Joseph Lee Henry (born December 2, 1960) is an American singer-songwriter, guitarist, and producer. He has released 15 studio albums which are broadly classified as alternative country but often eclectic and showing influences from other genres. Henry has produced multiple recordings for other artists, including three Grammy Award-winning albums by artists in blues, folk or R&B.

==Early life==
Henry was born in Charlotte, North Carolina, the state where his parents, whom he described as devout Christians, were also from. He grew up in Oakland Township, Michigan, and attended Rochester Community Schools. He graduated from Rochester Adams High School, then graduated from the University of Michigan.

==Career==
===1985 to 2005===
Henry moved to Brooklyn, New York in 1985 and began performing in local music venues. He released his first album Talk of Heaven in 1986. The album earned him a recording contract with A&M, which subsequently released the albums Murder of Crows (on which Mick Taylor played lead guitar) in 1989 and Shuffletown in 1990. Shuffletown, produced by T Bone Burnett, represented a shift in musical direction towards the "alt country" genre. Henry's next two recordings, Short Man's Room (1992) and Kindness of the World (1993), featured members of the country-rock band the Jayhawks. The song "King's Highway" was recorded by Joan Baez in 2003 and Gov't Mule in 2005. For his 1996 album Trampoline, Henry incorporated guitarist Page Hamilton of Helmet and a reviewer at Trouserpress called the album "idiosyncratic broadmindedness."

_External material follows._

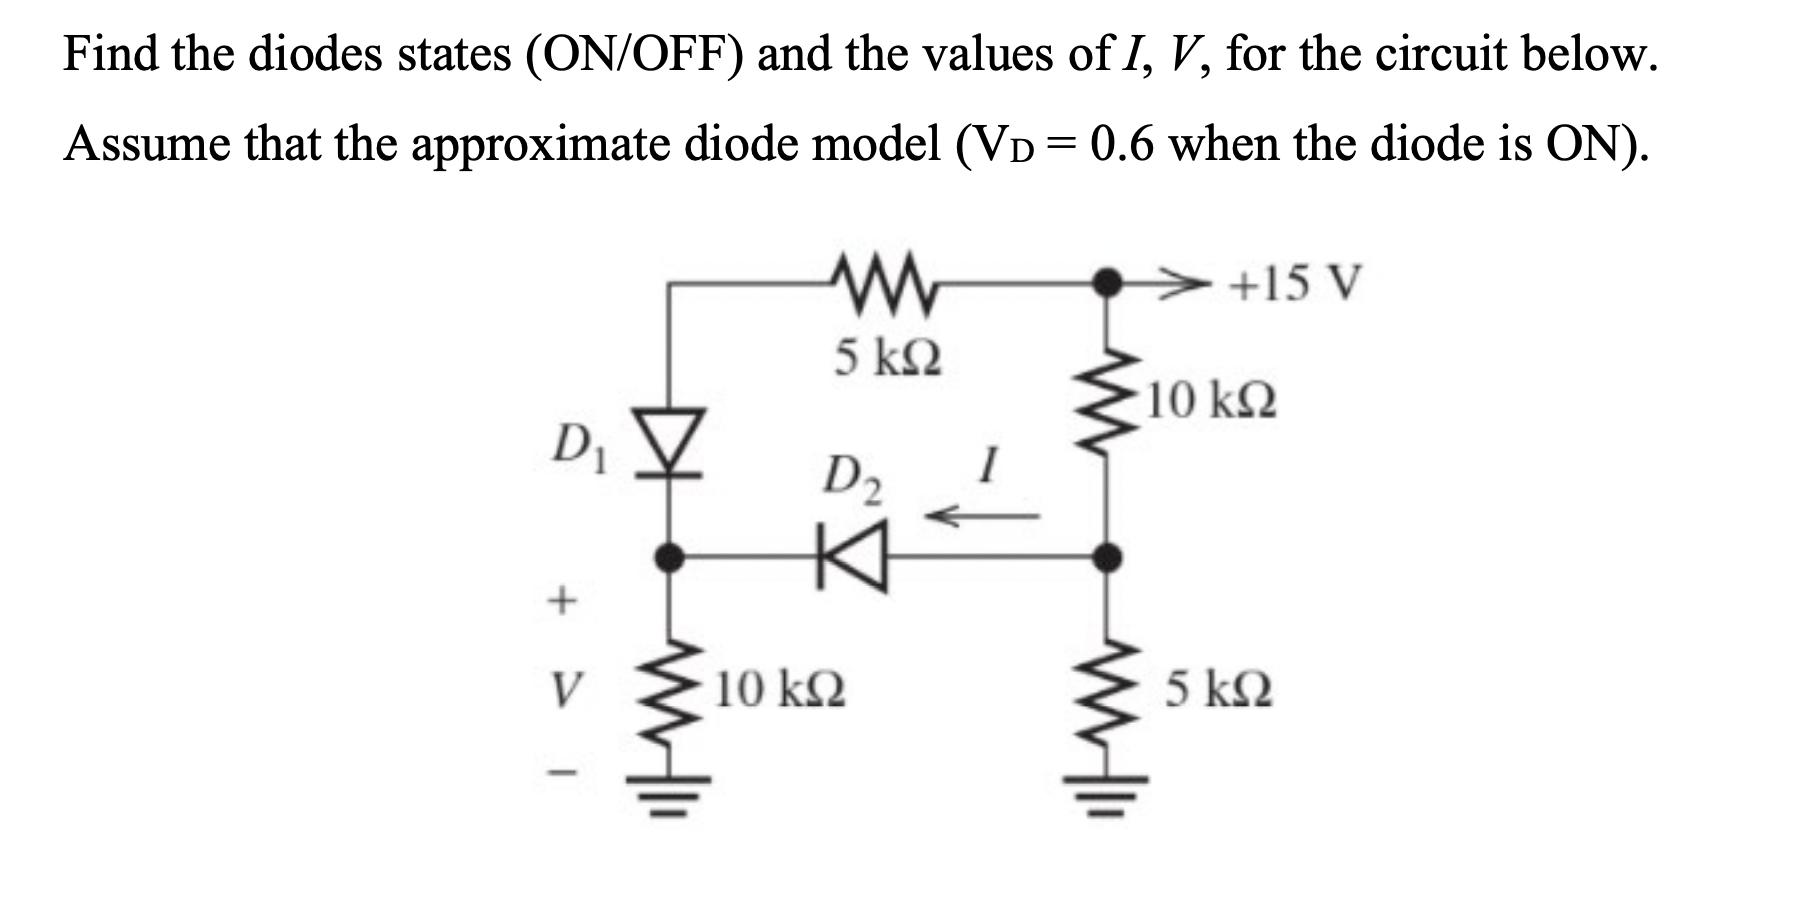 Find the diodes states (ON/OFF) and the values of I, V, for the circuit below. Assume that the approximate

1999's Fuse was recorded with producers Daniel Lanois and T Bone Burnett. The album was called an "atmospheric marvel" by one reviewer and Ann Powers of The New York Times wrote: Henry has "found the sound that completes his verbal approach."

Scar, released in 2001, featured jazz musicians Marc Ribot, Brian Blade, Brad Mehldau and saxophonist Ornette Coleman on "Richard Pryor Addresses a Tearful Nation." According to AllMusic's Thom Jurek, the album is a "triumph not only for Henry—who has set a new watermark for himself—but for American popular music, which so desperately needed something else to make it sing again."

2003's self-produced Tiny Voices album was Henry's first recording on Epitaph's Anti- label. AllMusic's Jurek described this album as "the sound of....electric guitars in an abandoned yet fully furnished Tiki bar in Raymond Chandler's Los Angeles."

Henry's wife talked him into letting her send Madonna, who is her sister, a demo of his song "Stop," which was reworked and recorded as "Don't Tell Me" (from Madonna's 2000 album Music). Henry's own tango-tinged version of the song appeared on Scar and was featured in an episode of The Sopranos. Henry and his sister-in-law recorded a duet, "Guilty by Association," on the charity album Sweet Relief II: Gravity of the Situation, and collaborated on the songs "Jump" on Confessions on a Dance Floor, "Devil Wouldn't Recognize You" on Hard Candy, and "Falling Free" on MDNA.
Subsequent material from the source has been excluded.